◆ REQUIRED WORK
Under this line are the records; repeat exactly the lines starting at the one containing "vegetarian umami broth" and ending at the one containing "Break your business", omitting pictures.

◆ MATERIAL FOR THE TASK
+++++
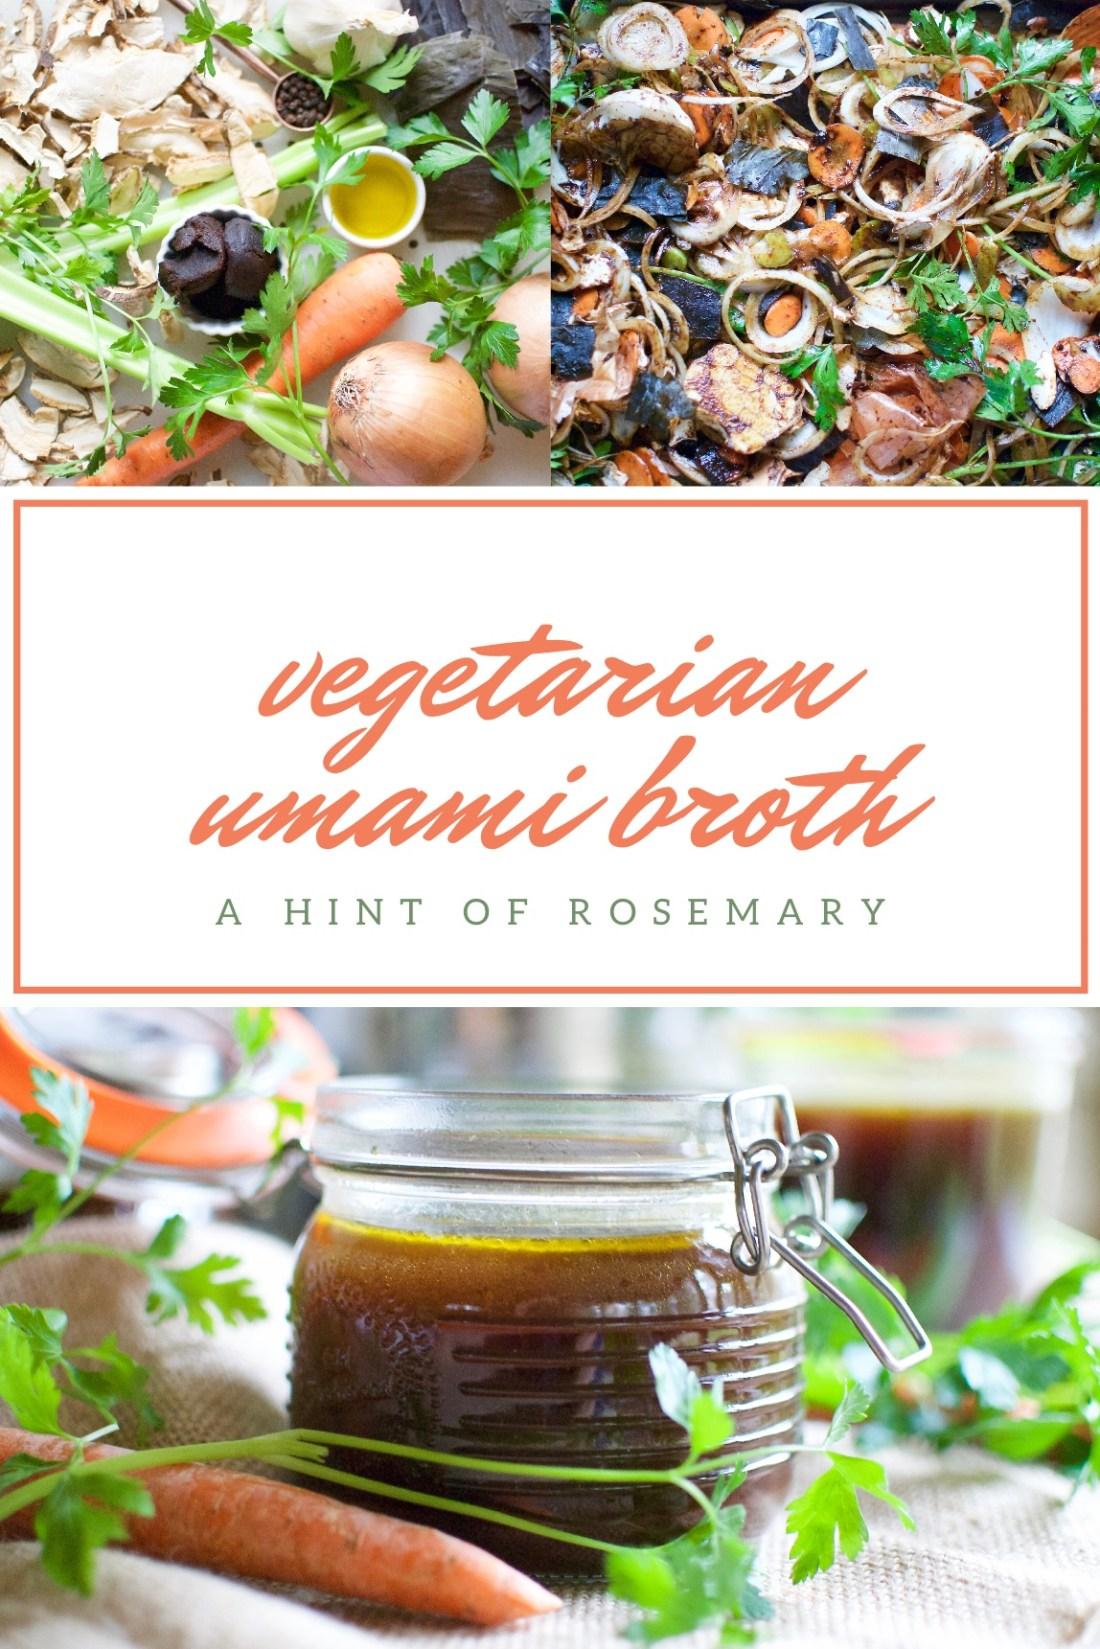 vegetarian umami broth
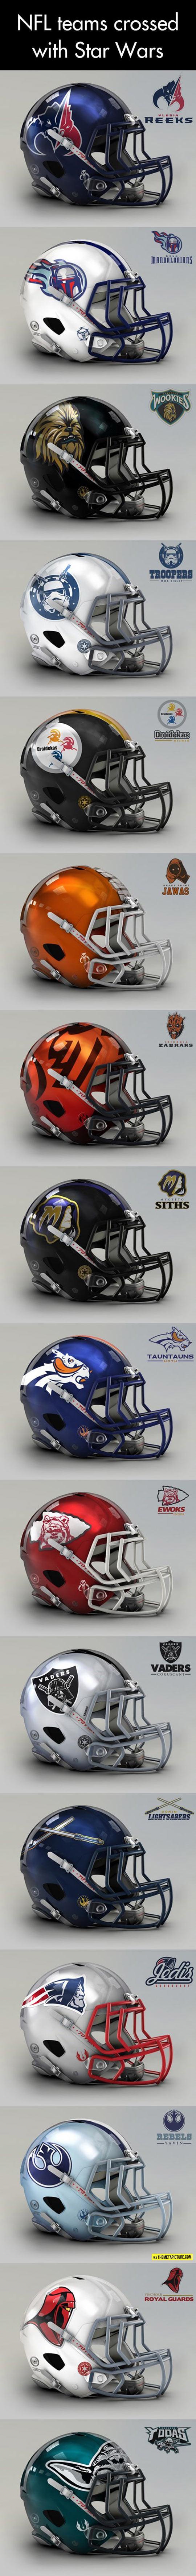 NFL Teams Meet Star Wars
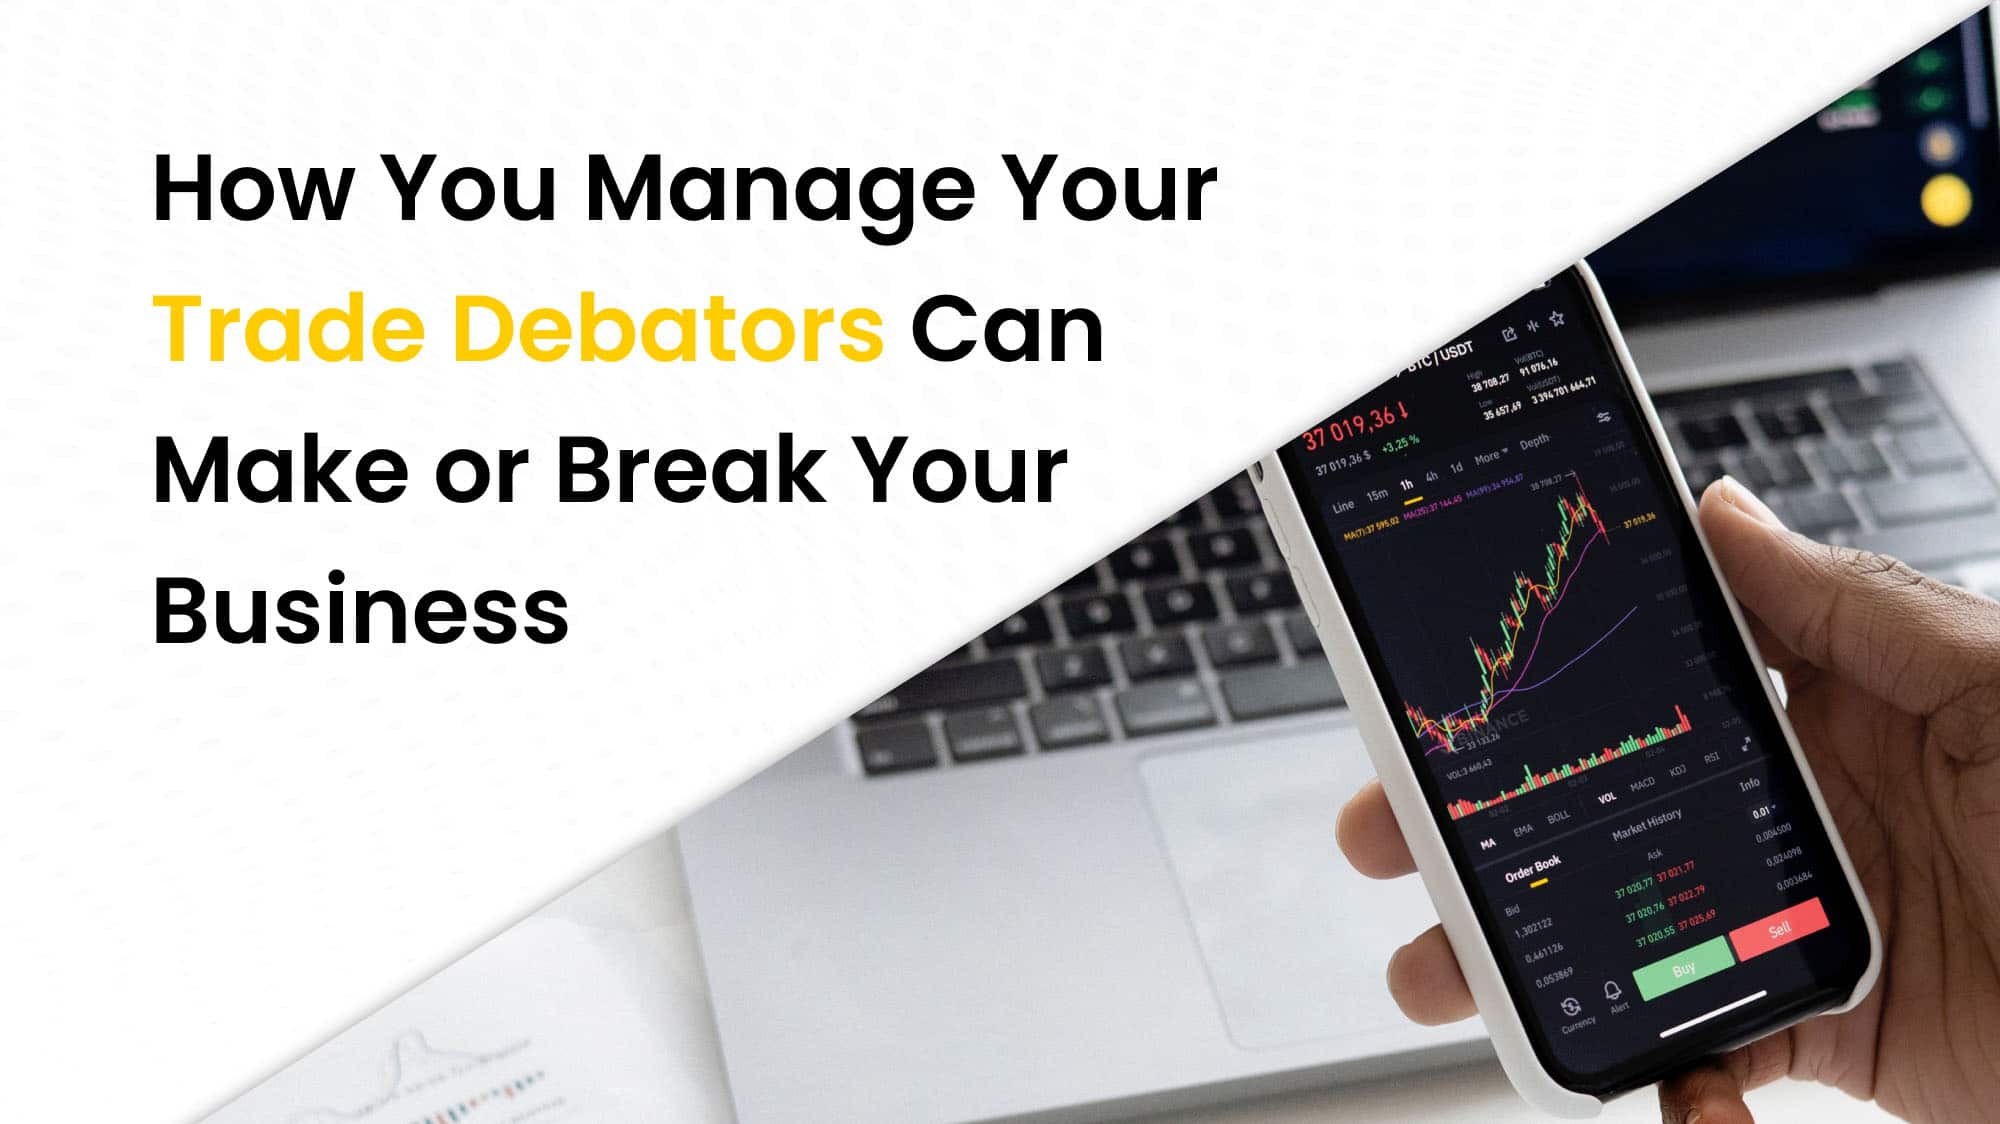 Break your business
+++++
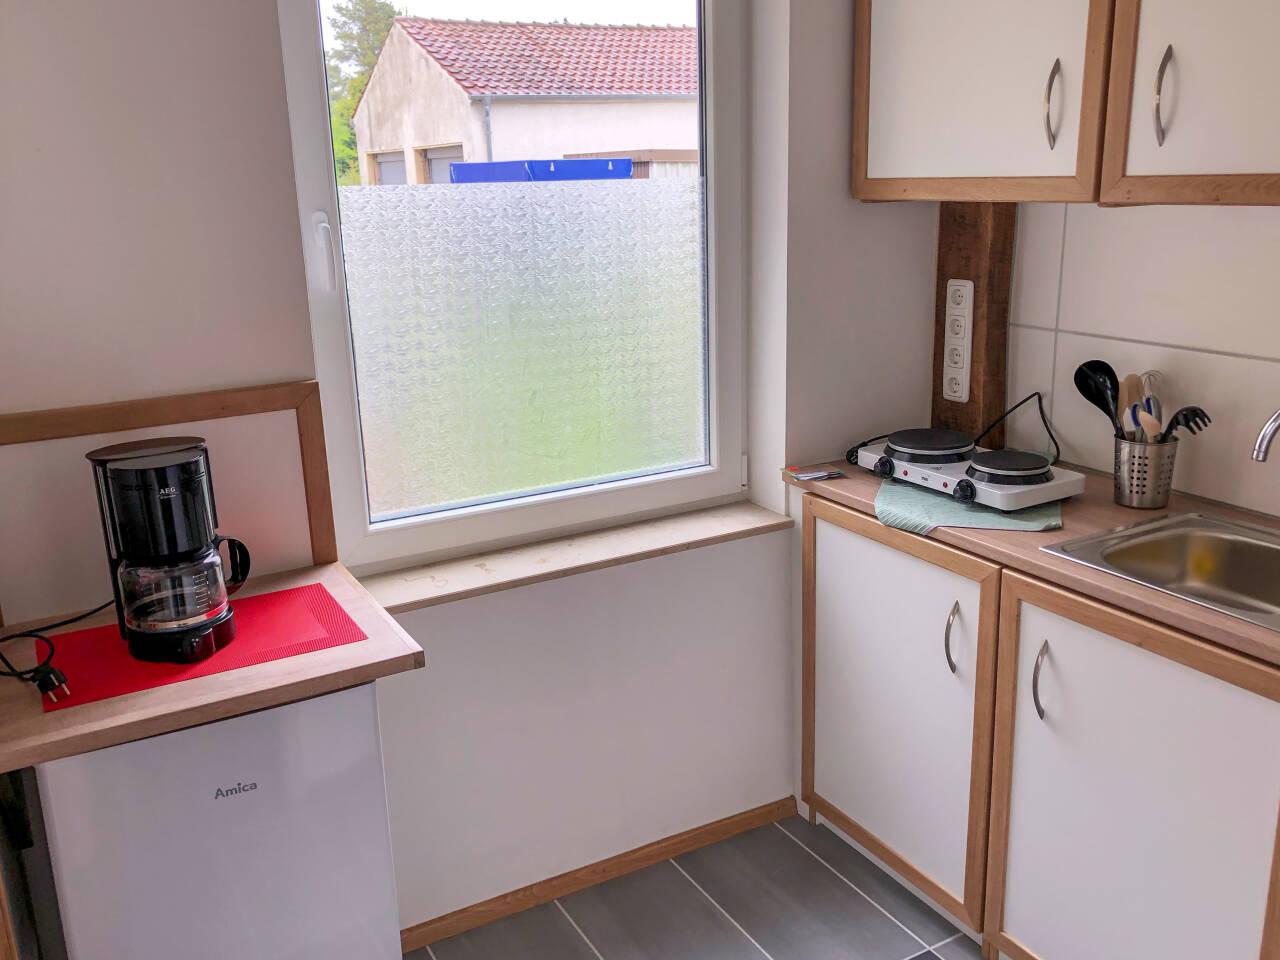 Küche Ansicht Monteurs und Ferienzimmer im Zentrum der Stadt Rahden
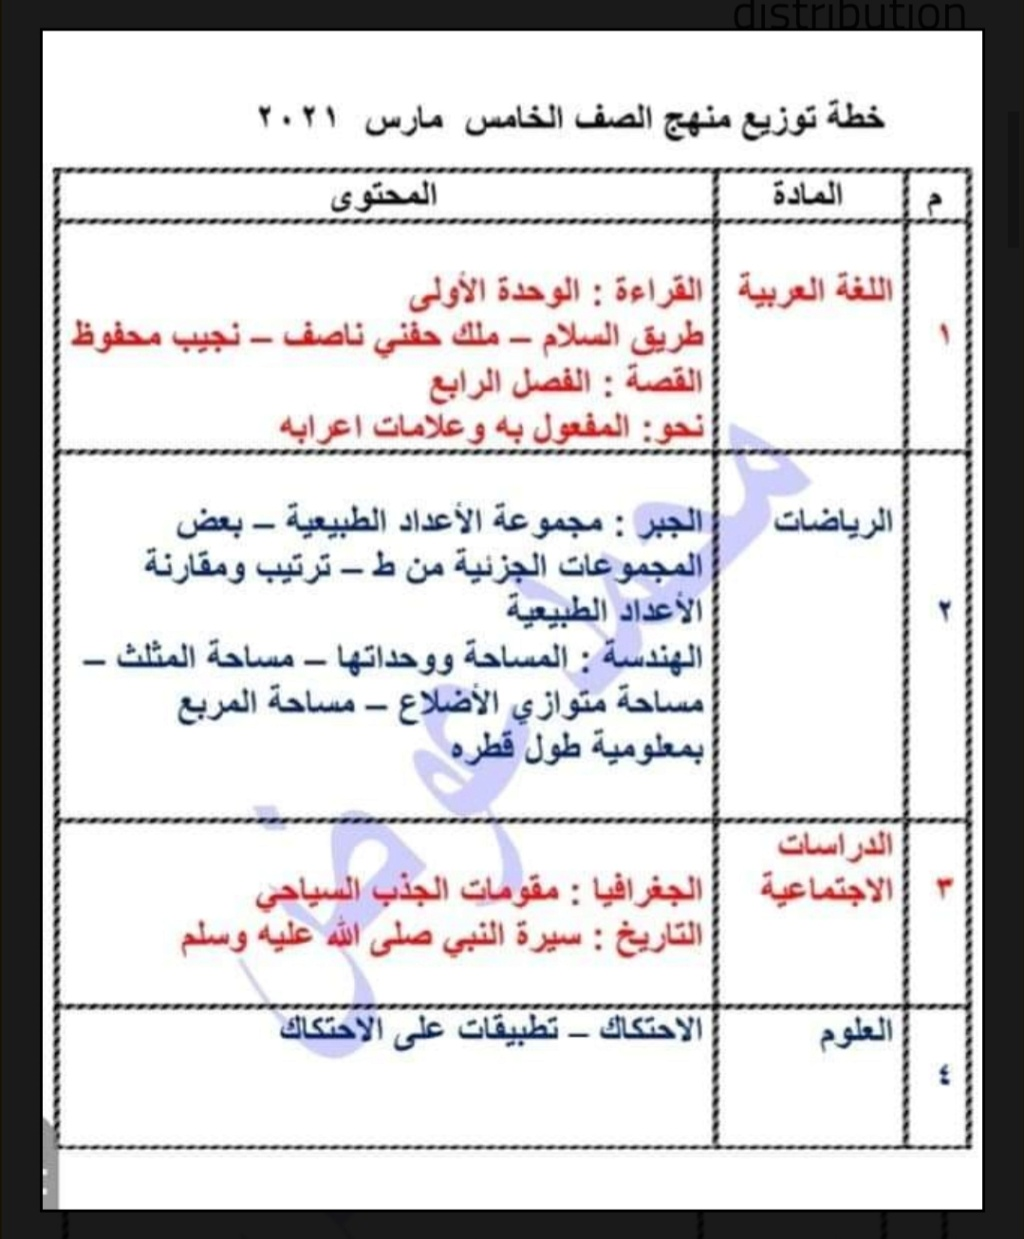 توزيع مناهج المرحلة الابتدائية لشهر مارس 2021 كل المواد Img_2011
+++++
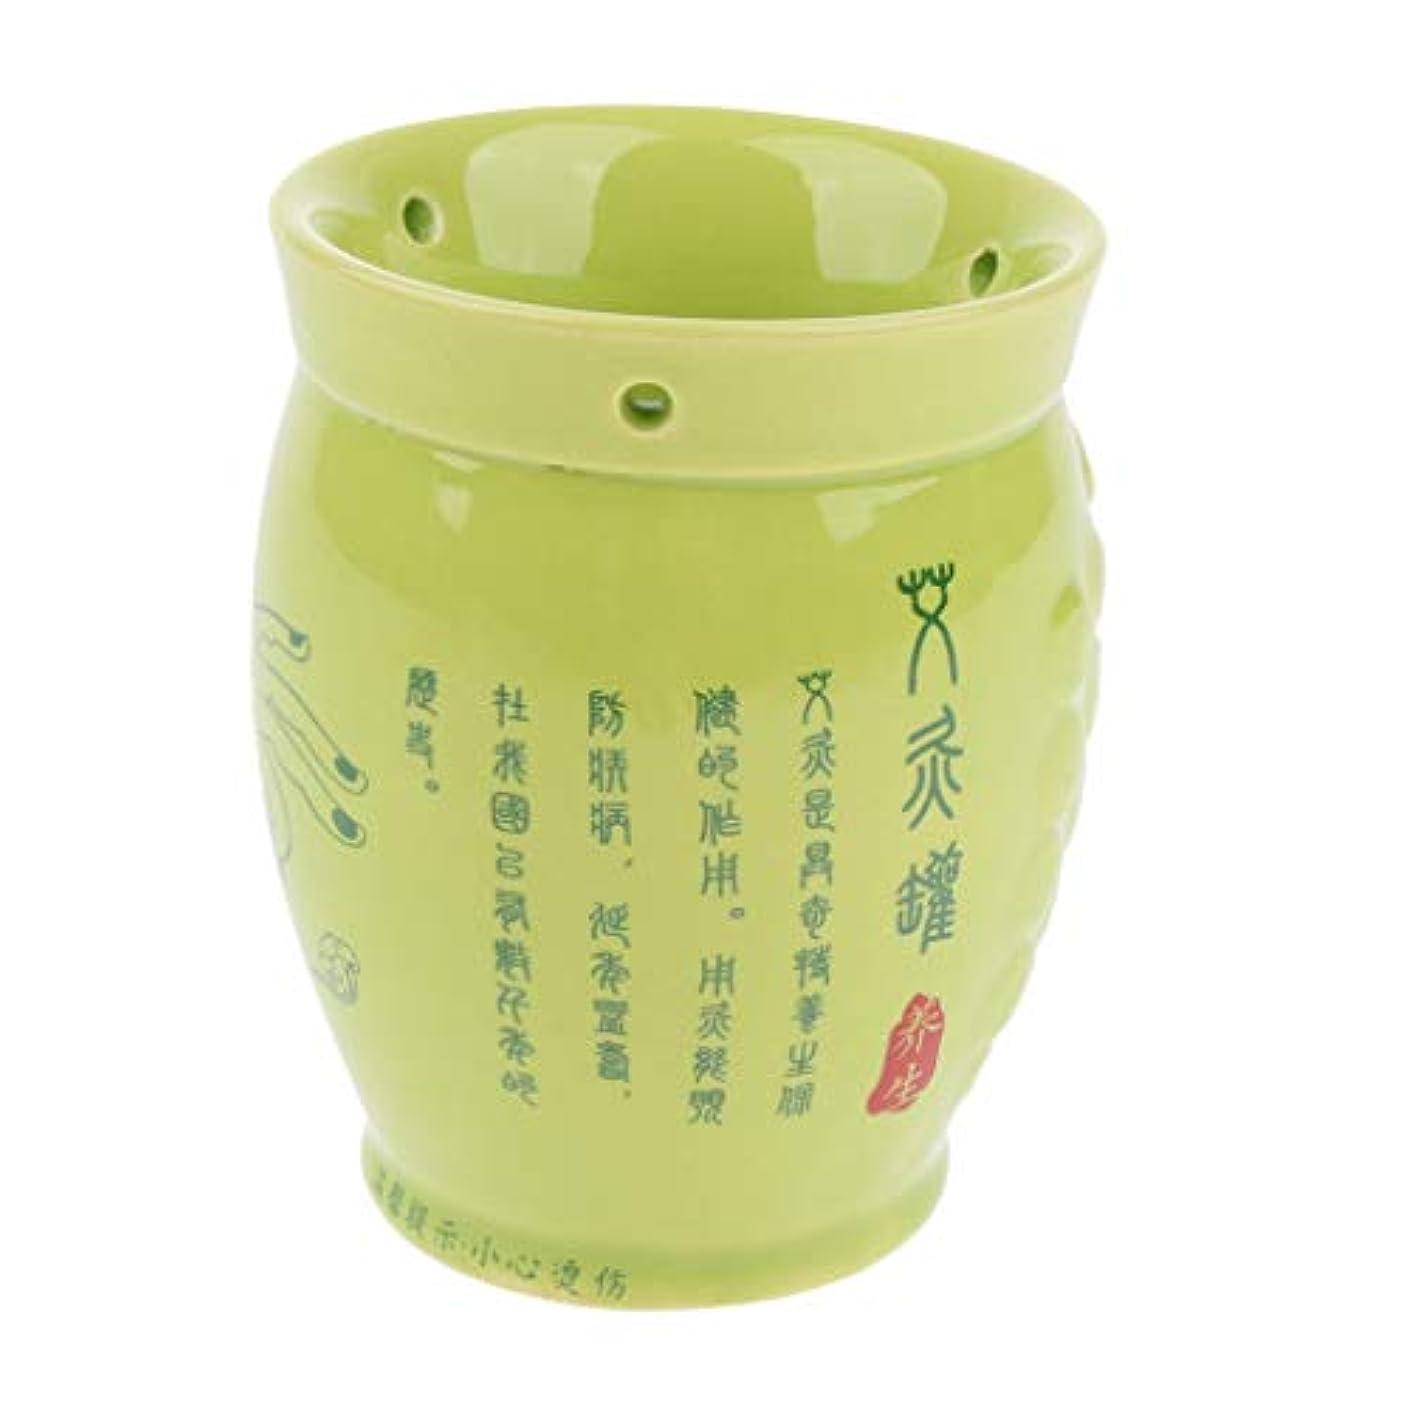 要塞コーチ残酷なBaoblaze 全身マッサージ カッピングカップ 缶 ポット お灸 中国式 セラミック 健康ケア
+++++
◆ TASK RESPONSE
 vegetarian umami broth
 NFL Teams Meet Star Wars
 Break your business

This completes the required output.